## Instructions to follow
Leave out the images; return the rest of the data exactly.

Information supplied Start Marker

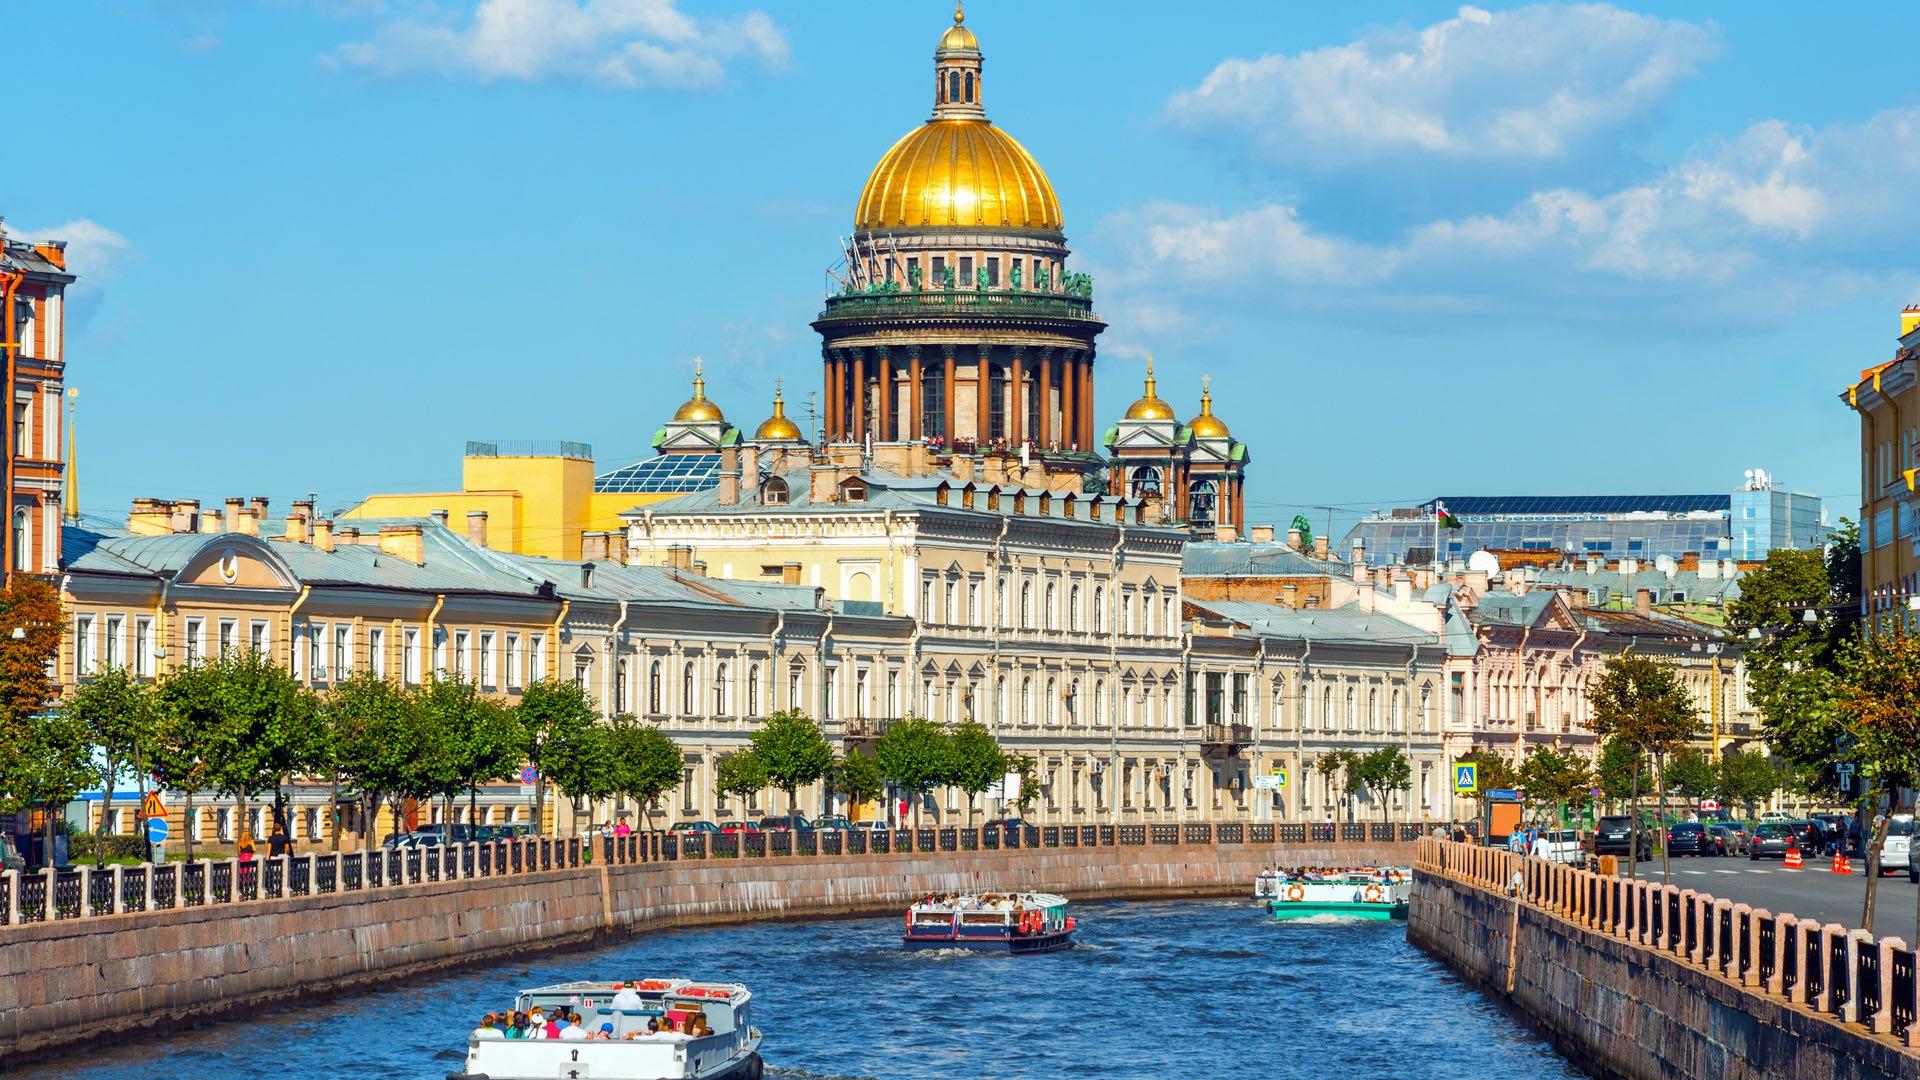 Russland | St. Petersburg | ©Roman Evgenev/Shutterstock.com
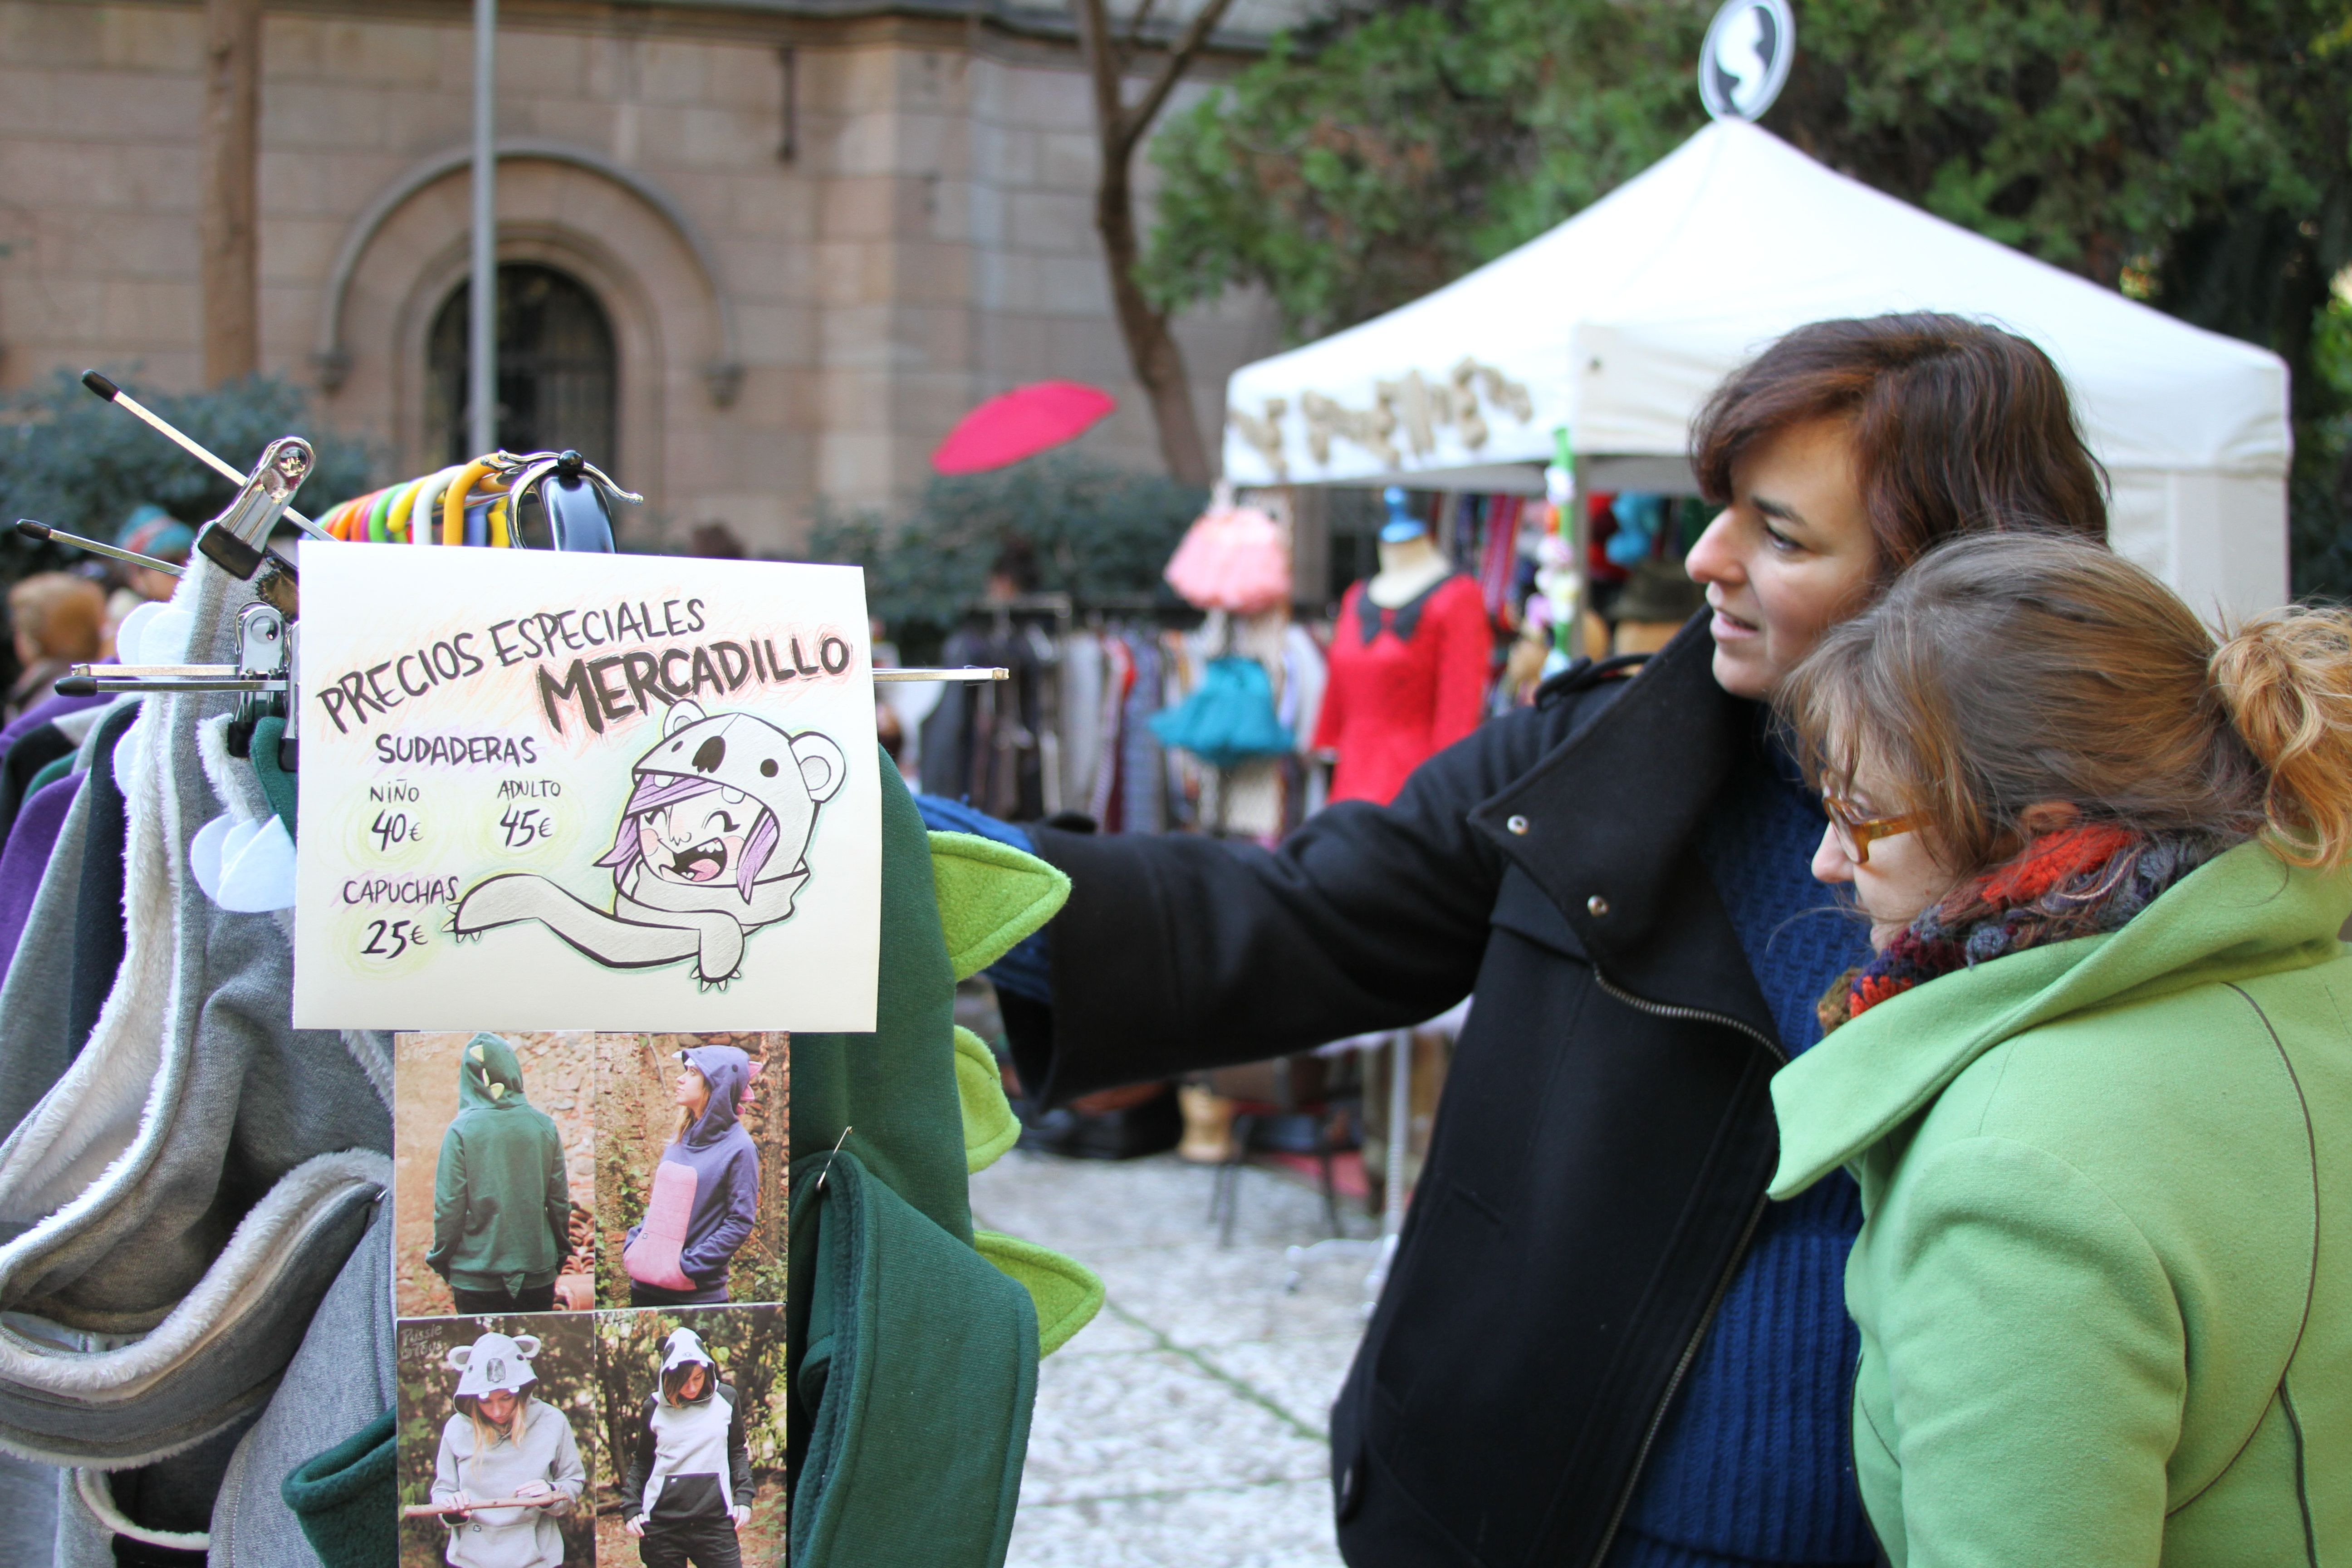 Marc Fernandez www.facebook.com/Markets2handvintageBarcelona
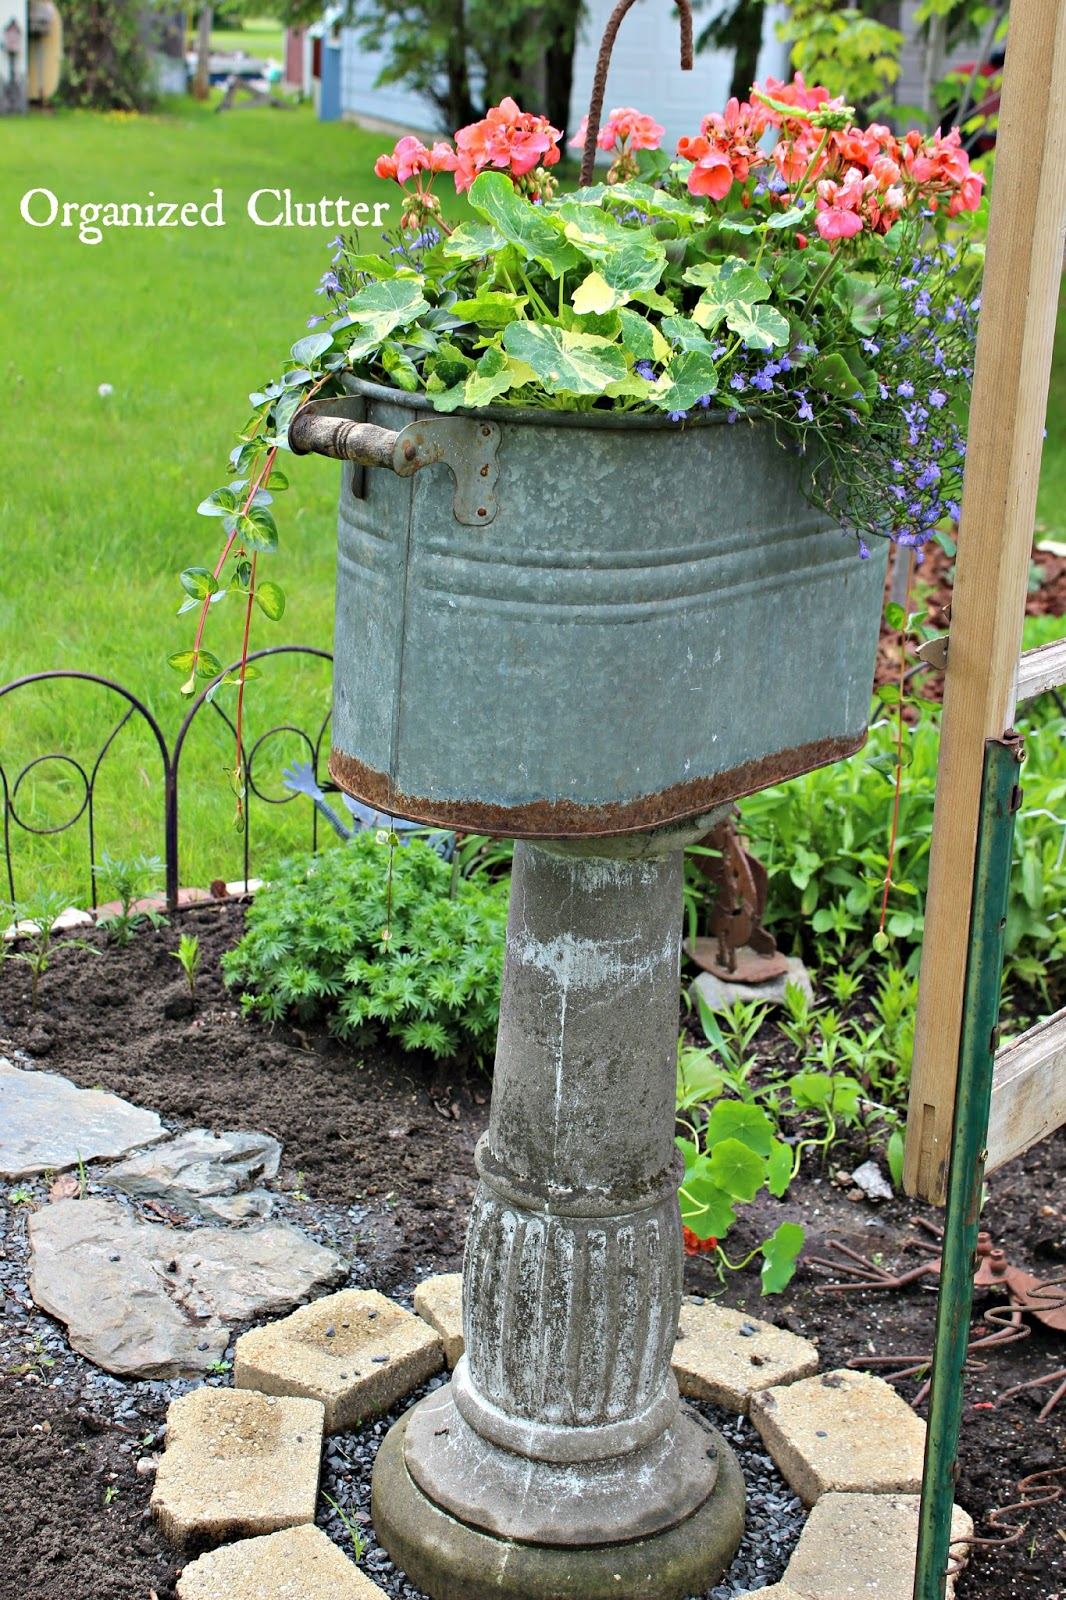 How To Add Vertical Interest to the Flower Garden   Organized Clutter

Information supplied End Marker

## Output for this exercise
 Russland | St. Petersburg | ©Roman Evgenev/Shutterstock.com
 Marc Fernandez www.facebook.com/Markets2handvintageBarcelona
 How To Add Vertical Interest to the Flower Garden   Organized Clutter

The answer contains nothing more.